So What’s All This HaLow Long-Range WiFi About Then?

We’re all used to wireless networking, but if there’s one thing the ubiquitous WiFi on 2.4 or 5 GHz lacks, it’s range. Inside buildings, it will be stopped in its tracks by anything more than a mediocre wall, and outside, it can be difficult to connect at any useful rate more than a few tens of metres away without resorting to directional antennas and hope. Technologies such as LoRa provide a much longer range at the expense of minuscule bandwidth, but beyond that, there has been little joy. As [Andreas Spiess] points out in a recent video though, this is about to change, as devices using the so-called HaLow or IEEE 802.11ah protocol are starting to edge into the realm of affordability.

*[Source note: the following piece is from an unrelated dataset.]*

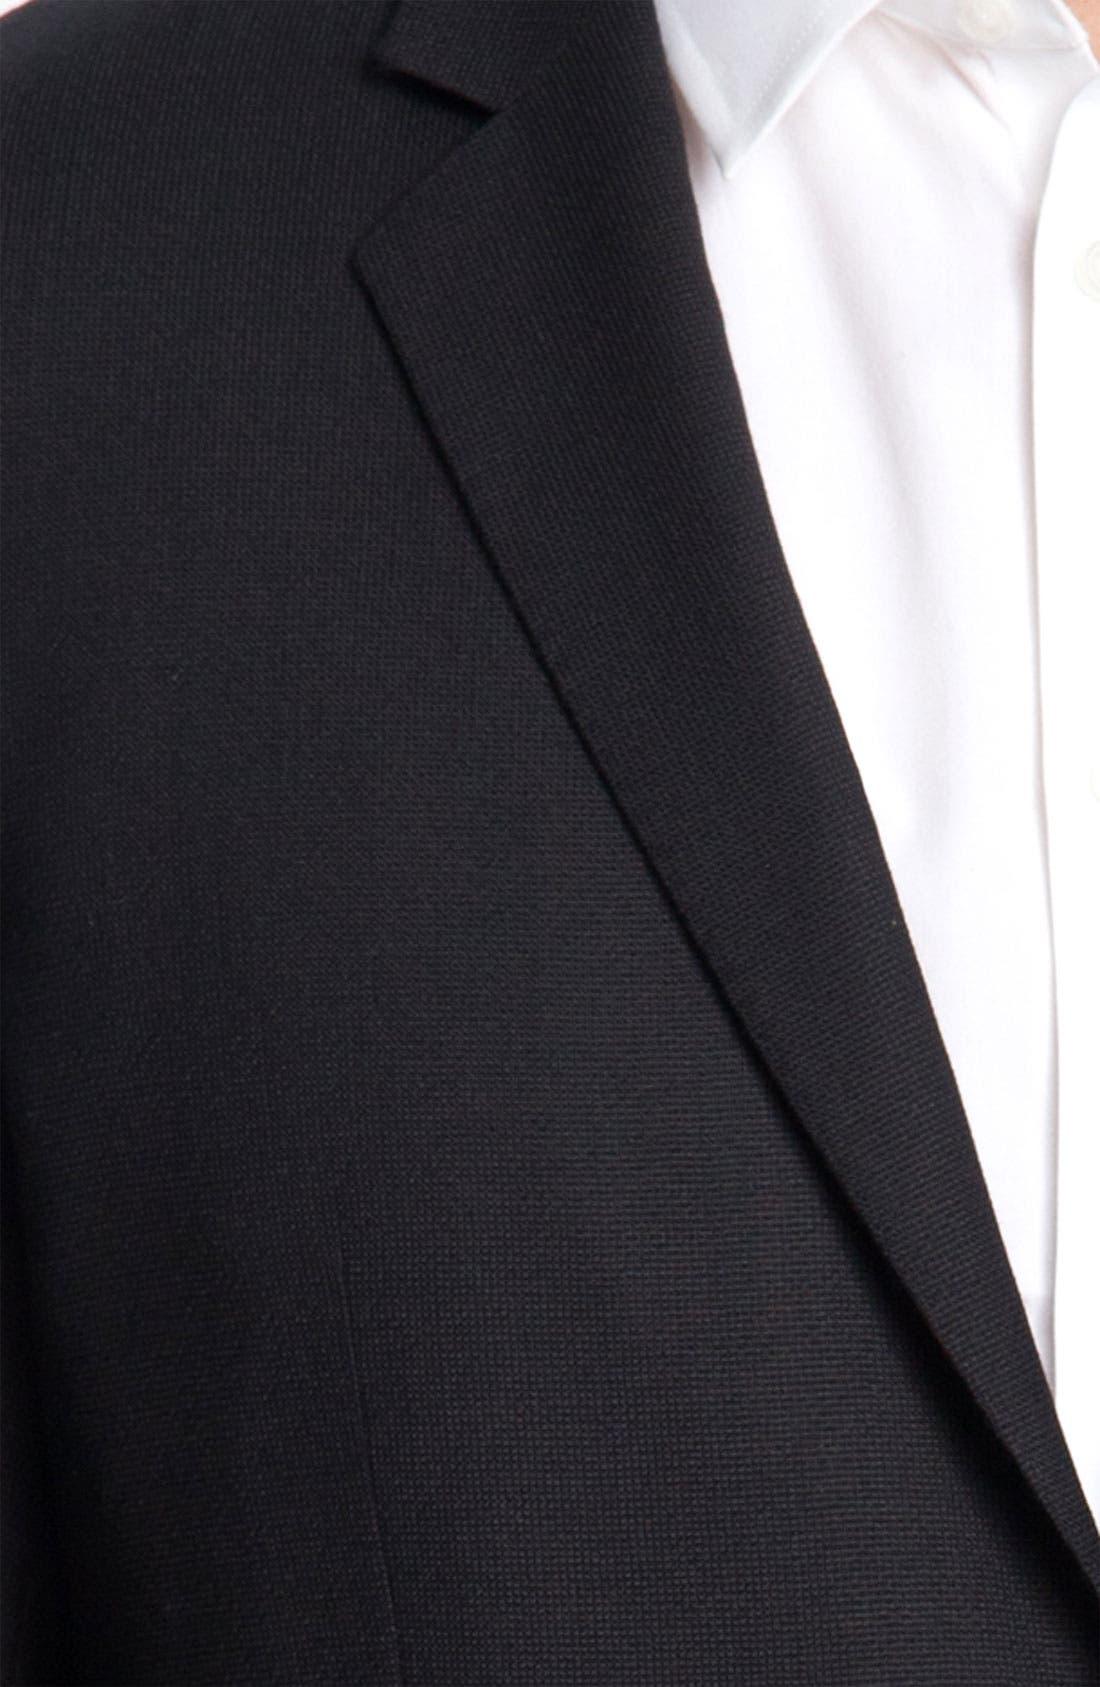 Alternate Image 3  - BOSS Black 'Rover' Extra Trim Fit Blazer

Perhaps surprisingly, he finds the 5 GHz variant to be best over a 1km test with a far higher bandwidth. However, we’d say that his use of directional antennas is something of a cheat. Where it does come into its own in his tests, though, is through masonry, with far better penetration across floors of a building. We think that this will translate to better outdoor performance when the line of sight is obstructed.

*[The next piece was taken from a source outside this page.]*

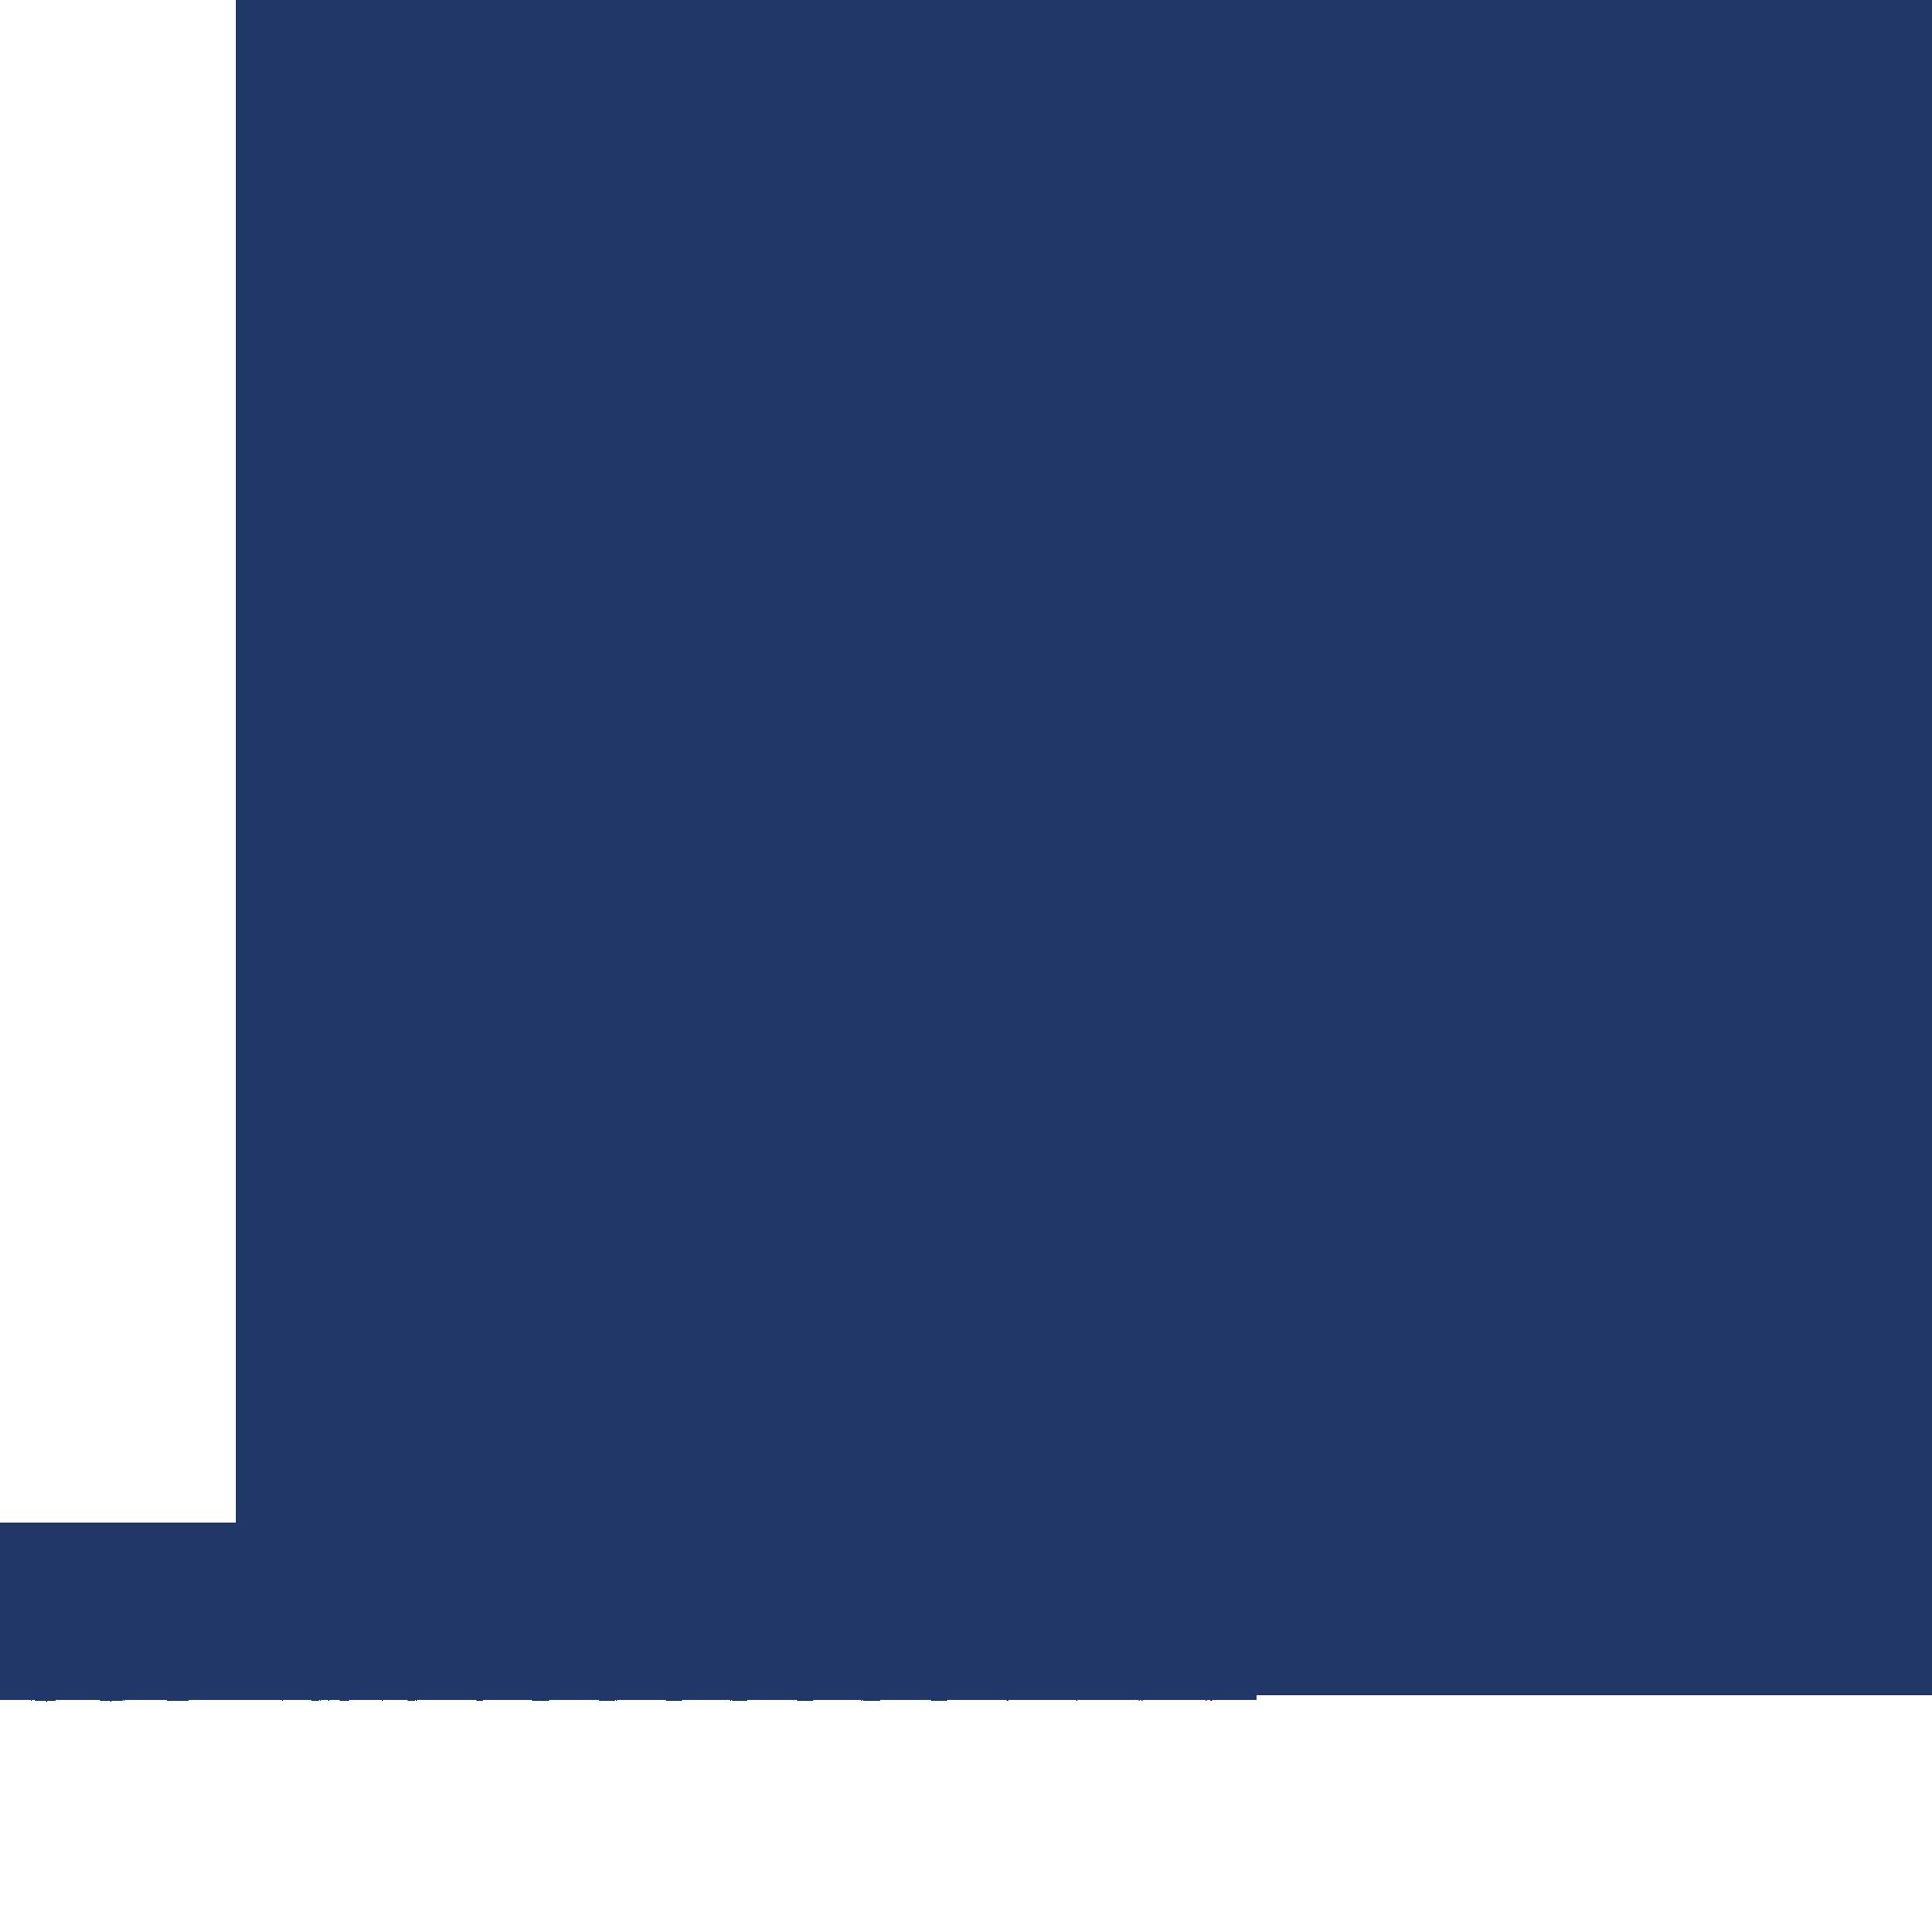 Strafrecht Mönchengladbach

There’s one more thing he brings to our attention, which seasoned users of LoRA may already be aware of. These lower frequency allocations are different between the USA and Europe, so should you order one for yourself, it would make sense to ensure you have the appropriate model for your continent. Otherwise, we look forward to more HaLow devices appearing and the price falling even further because we think this will lead to some good work in future projects.